The public Grand Prize selection meeting for the 2021 (44th) New Cosmos of Photography took place on Friday November 12, 2021 at the Tokyo Photographic Art Museum. This year marked the final New Cosmos of Photography contest.
For this year's contest, we welcomed seven esteemed judges: Ryan McGinley (photographer), Yuki Onodera (photographer), Minoru Shimizu (photo critic), Gwen Lee (artistic director of the Singapore International Photography Festival), Noi Sawaragi (art critic), Takashi Yasumura (photographer), and Daisuke Yokota (photographer). The judges selected seven Excellence Award winners and 14 Honorable Mention Award winners from 2,191 entrants, the most ever.
At the public Grand Prize selection meeting, the seven Excellence Award winners — Wan Chaofan, Thembinkosi Hlatshwayo, Koichi Mitsuoka, Naotatsu Kaku, Robert Zhao Renhui, Kenji Chiga, and Taisuke Nakano — gave presentations (Thembinkosi Hlatshwayo and Robert Zhao Renhui gave their presentations by video) and took questions from the judges.
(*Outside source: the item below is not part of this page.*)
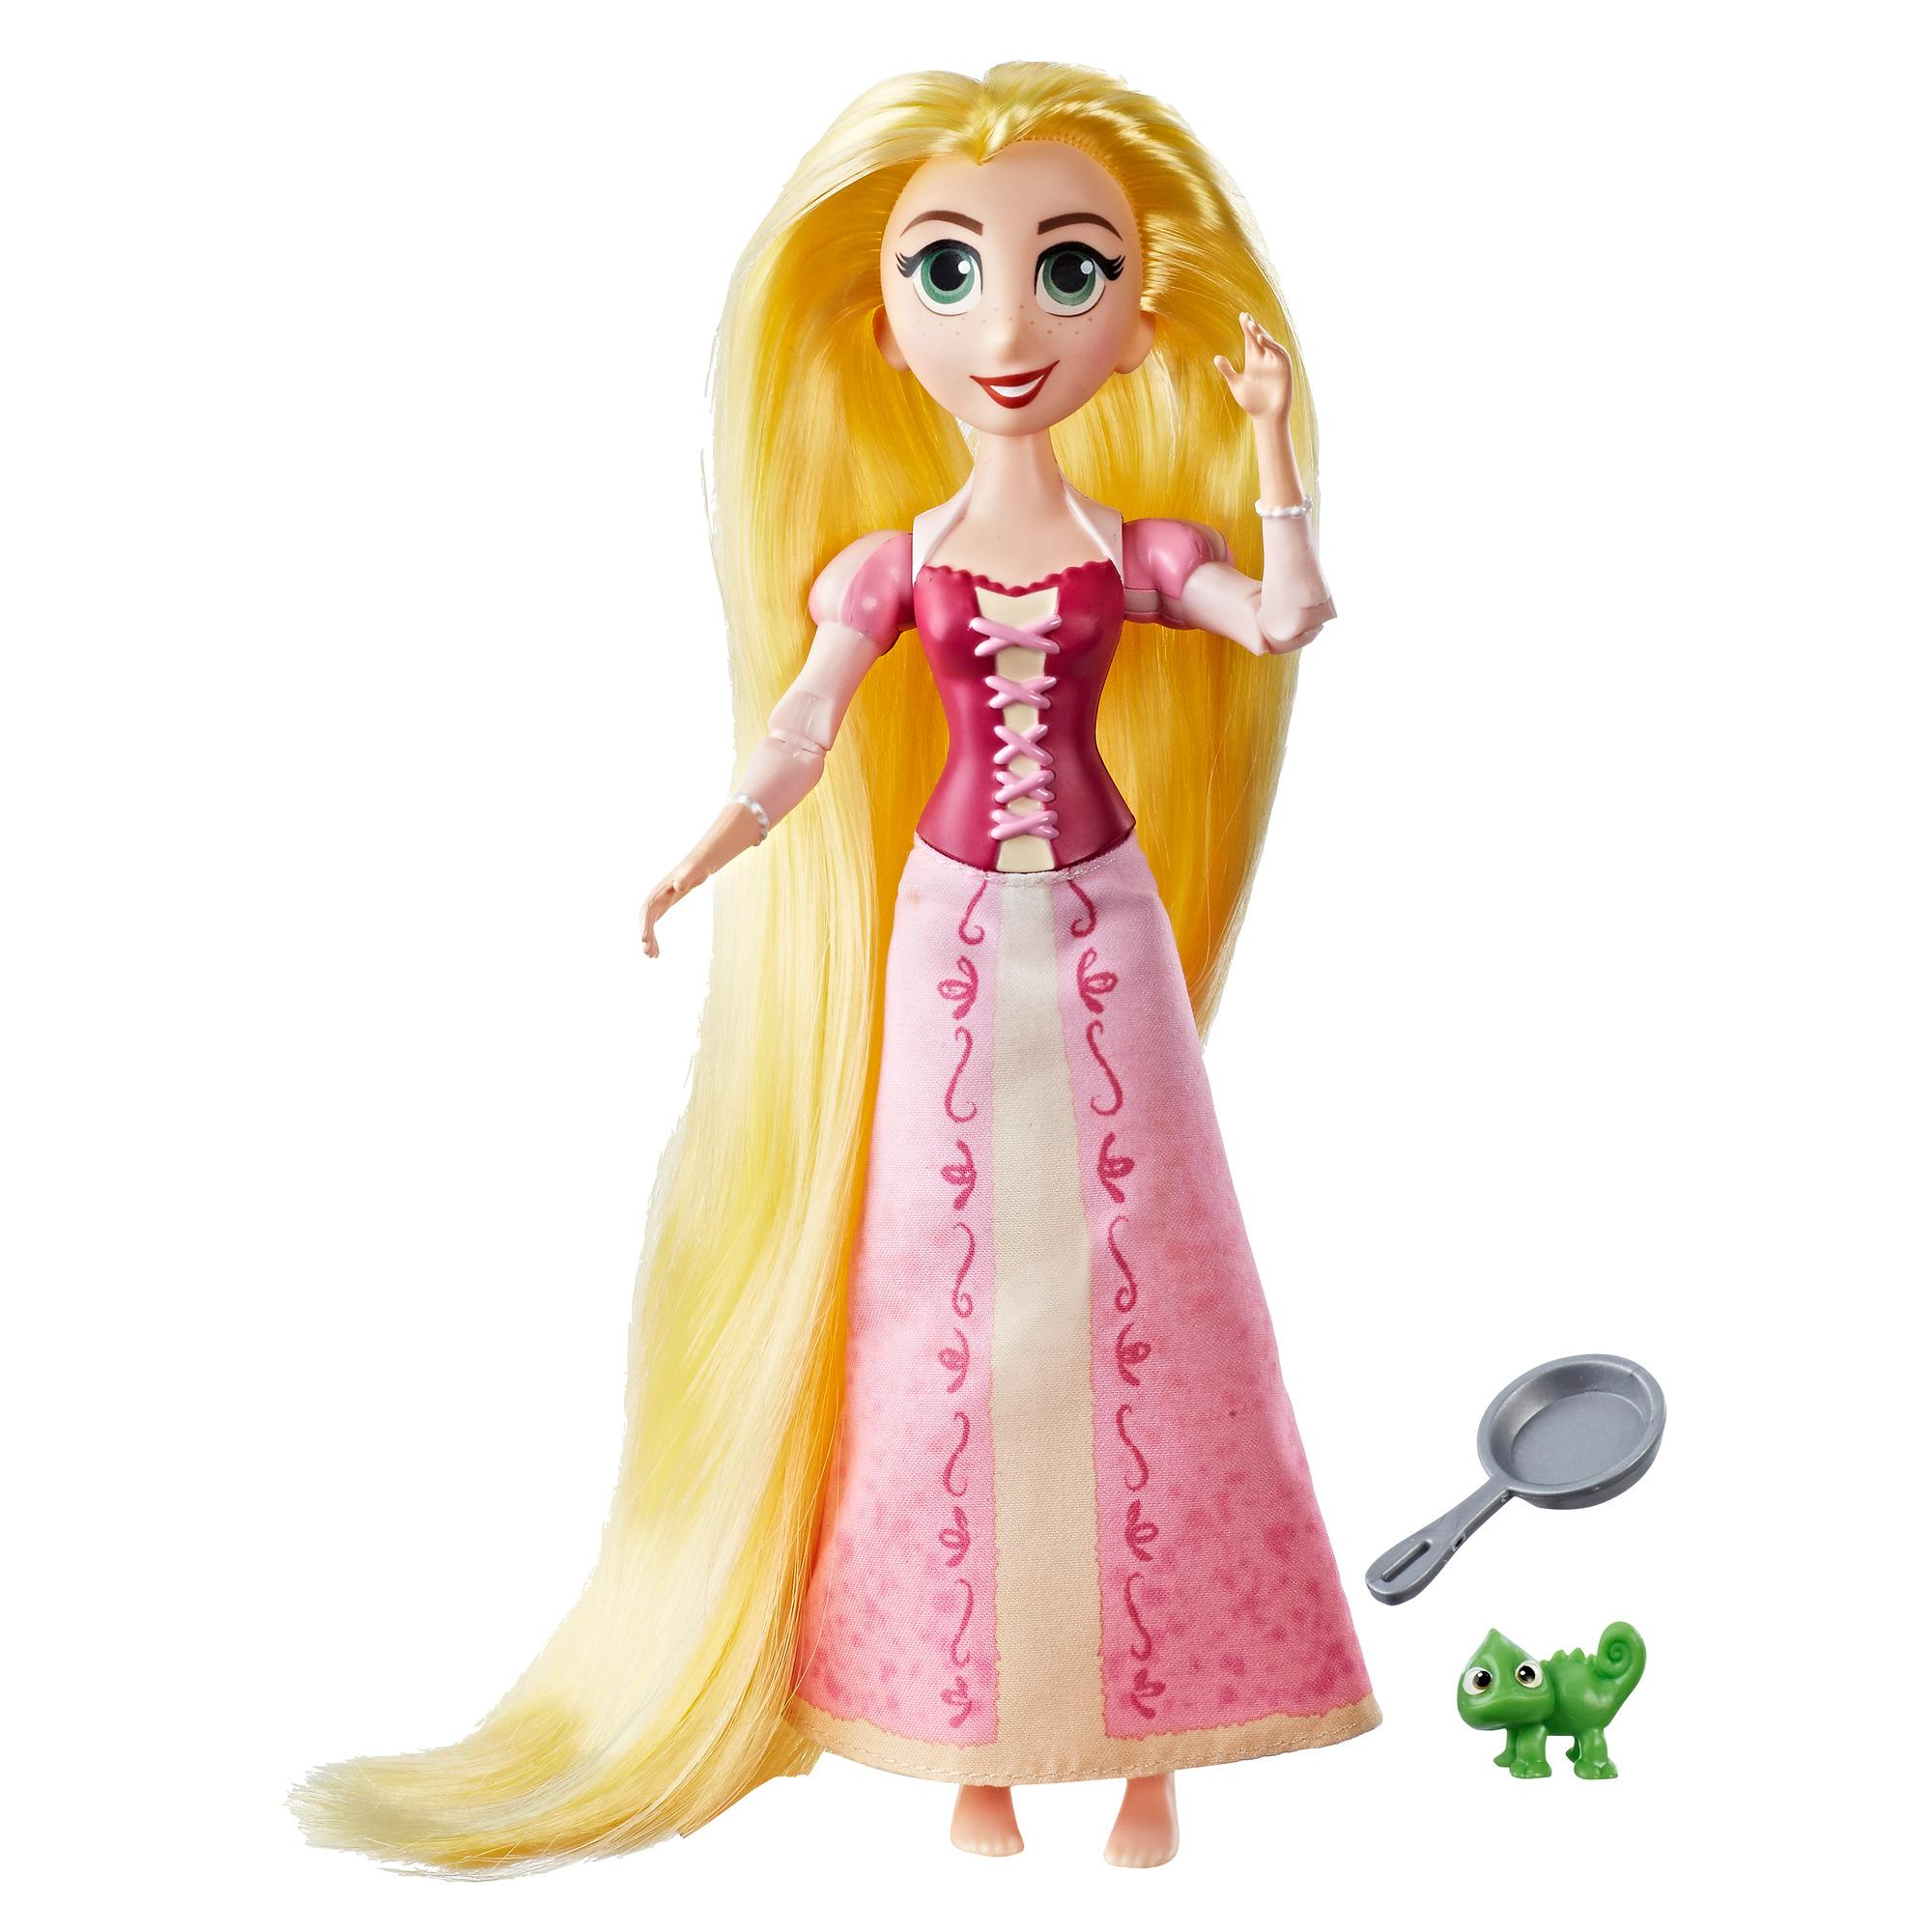 Disney Serie Enredados otra vez - Rapunzel y Pascal

After the presentations, the judges conferred and ultimately selected Naotatsu Kaku as this year's Grand Prize winner.
The selection meeting kicked off on Friday, November 12 at 2:30 p.m., amid an extraordinary stillness filled with elevated expectation and nervousness. With tense expressions, five Excellence Award winners and Grand Prize candidates made their way to the podium and took their seats, after which five judges (Ryan McGinley and Gwen Lee could not attend) took theirs.
The Excellence Award winners were given seven minutes each to make a presentation, in which they described in their own words the background and creative intent of their works, along with their thoughts and feelings about their works. After each presentation, the judges offered both praise and sharp criticisms of the works and posed questions to the candidates, who gave well-considered answers.
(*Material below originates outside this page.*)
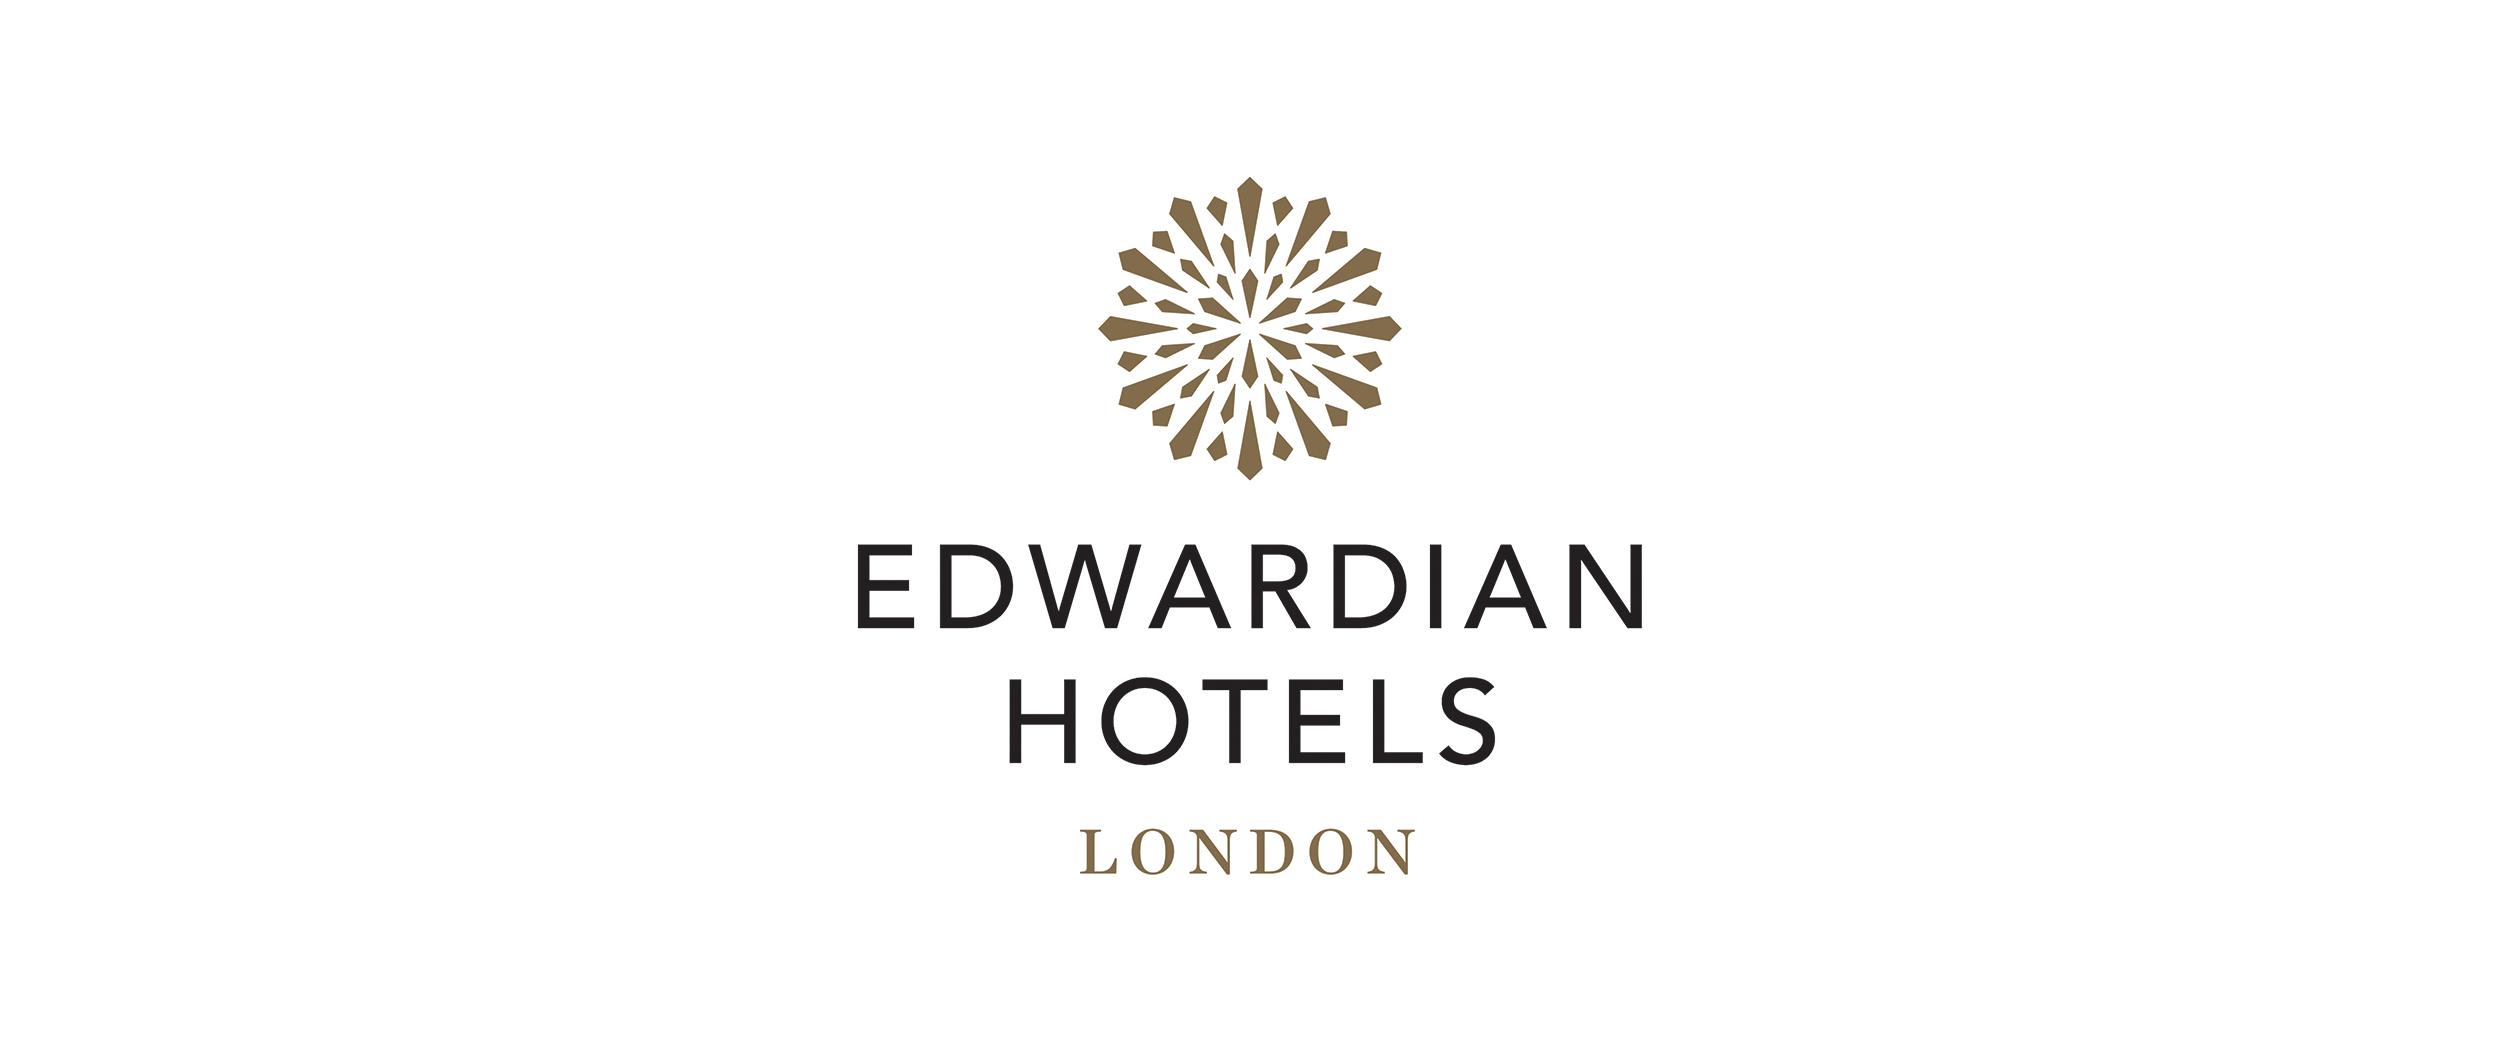 Edwardian Hotels London

You can see the state of the meeting with movie.
After the presentations, the judges retired to a separate room for about an hour to deliberate and select the Grand Prize winner.
At the awards ceremony, Naotatsu Kaku was announced as the 2021 Grand Prize winner. He received one million yen in prize money and, as a bonus prize, a new Canon EOS R5 mirrorless camera.
On accepting his prize, Naotatsu Kaku said: “I'm so thrilled. I think winning this prize will help me repay, at least partially, all the generosity given to me by the wonderful people who supported me in creating this work. I received an Honorable Mention in 2017 and it's a great blessing to have been chosen for an Excellence Award this time. I was sad to hear that the New Cosmos of Photography is coming to an end. So I believe we artists must do our best so that the New Cosmos of Photography will never be forgotten.”
The New Cosmos of Photography began its run as an analog photo contest and ends with a video. I think that span is very symbolic of how far the concepts of photography and the technologies surrounding photography have travelled.
At first glance, Naotatsu Kaku's work may appear sparse and subdued. But closer inspection reveals a well-crafted fiction, like that of a first-person novelist coming to a lake to heal his wounds. It was out a sense of Mr. Kaku's future potential that we selected his work for the Grand Prize.
What intrigued us judges, through this year's Excellence Award works, was the idea, perhaps because of the times, that nature seems more threatening than ever in terms of its relationship with humans. How fragile is the civilization in which we live, how shallow is the surface on which we stand, when perhaps just a single wall or a single floor separates us from an imminent flood? Nearly all the Excellence Award works used water as a symbol of the sense of crisis about our situation, in which technology – which has clearly divided humans from nature – is not the savior we had hoped it would be. Starting with Mr. Kaku's lake, the works presented the Arakawa River, a swamp, the culverts of Shibuya, a water bucket in the middle of a forest, and traces of water left on tavern walls and floors. Water, and the sense of impending crisis about water, is a major common denominator. I feel this is where our modern age is at today.
Another similarity this time was contemplating the fundamental postulations about the human condition. I think it fitting that the contest closes on a shared theme of tackling, through photography, simple but profound questions about time, space, the world, and the self.